The Tranquillityite: named after the Mare Tranquillitatis | Photo: Shutterstock

Tranquillityite is one of the three lunar minerals found in the rock samples brought by the Apollo 11 mission in 1969.

Initially, it was thought to be unique to the moon, but in recent years tranquillityite has also been found on Earth.

Tranquillityite is a silicate mineral mostly composed of iron, oxygen, silicon, zirconium, and titanium, with small traces of the rare earth element yttrium and calcium.

The lunar stone was named after the Mare Tranquillitatis (Sea of Tranquility), the site of the first moon landing.

Along with pyroxferroite and armalcolite, tranquillityite is one of the three minerals found on the moon which had never been seen on earth.

The first two were eventually identified on the earth’s surface over the next ten years, but tranquillityite remained as a mineral unique to the satellite, with no terrestrial equivalent, found only in moon rock samples and lunar meteorites.

In 2011, small samples, just microns in length, were eventually found in six locations in the Pilbara region in Western Australia.

Tranquillityite was mined in a local billion-year-old rock formation, and according to the paleontologists who made the discovery, it may be more common on our planet than anyone could think.

They also believe that the discovery proves that similar chemical processes occur on the moon and on earth.
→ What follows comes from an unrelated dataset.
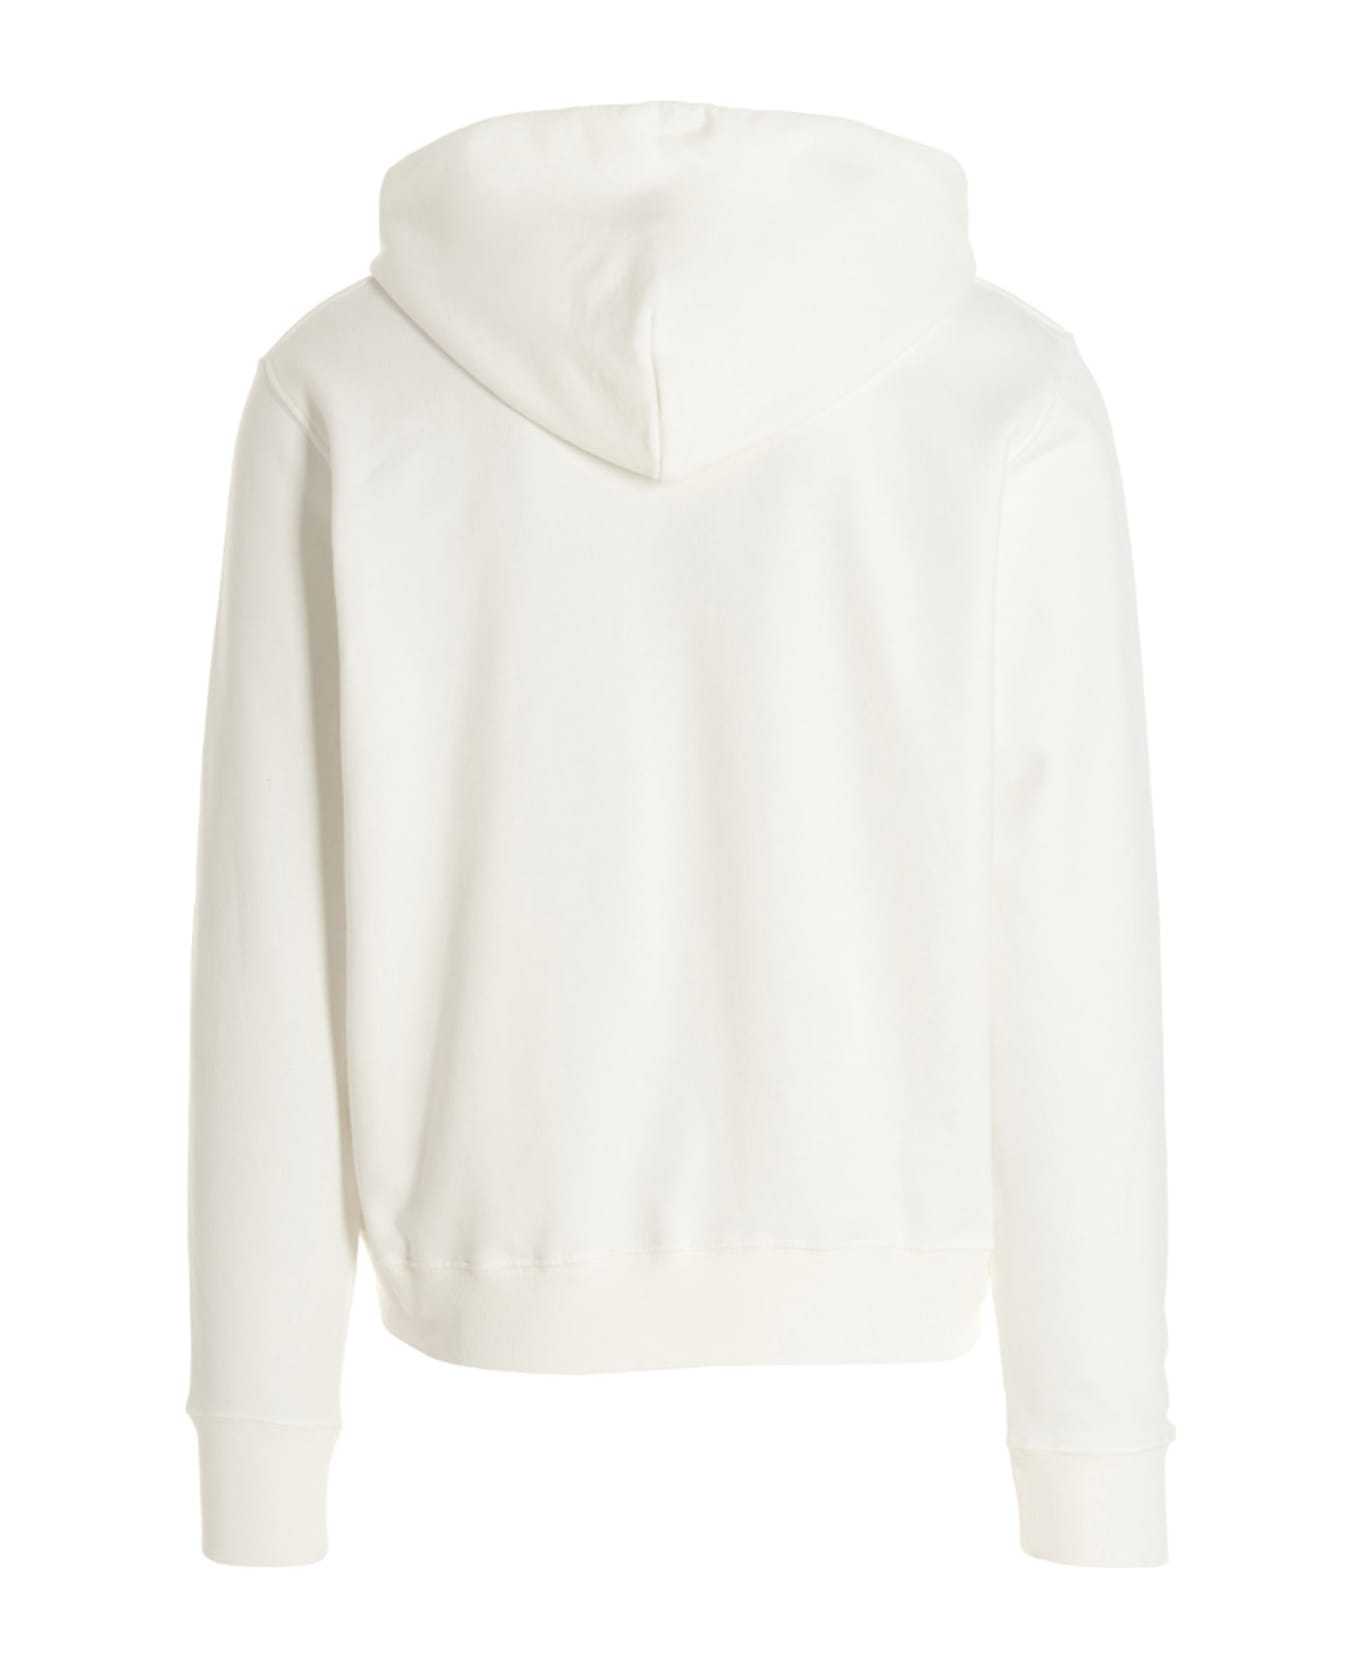 Autry Iconic Action Hoodie - WHITE

The habits and chemistry of earthly tranquillityite are consistent with the ones of its lunar counterpart.

The mineral occurs in thin stripes in basaltic rocks, where it forms at a late crystallization stage. It is nearly opaque and dark red-brown in color.

Although tranquillityite is not a valuable gemstone, it is possibly one of the rarest minerals on our planet.

In 2014, a man proposed to his wife at the Burning Man event in the Black Rock Desert (Nevada, U.S.A.) with a custom 3D-printed ring that contained 0.32 grams of Tranquillityite.

It was part of a lunar regolith that had fallen as a meteorite in Morocco and one of the only samples not owned by NASA.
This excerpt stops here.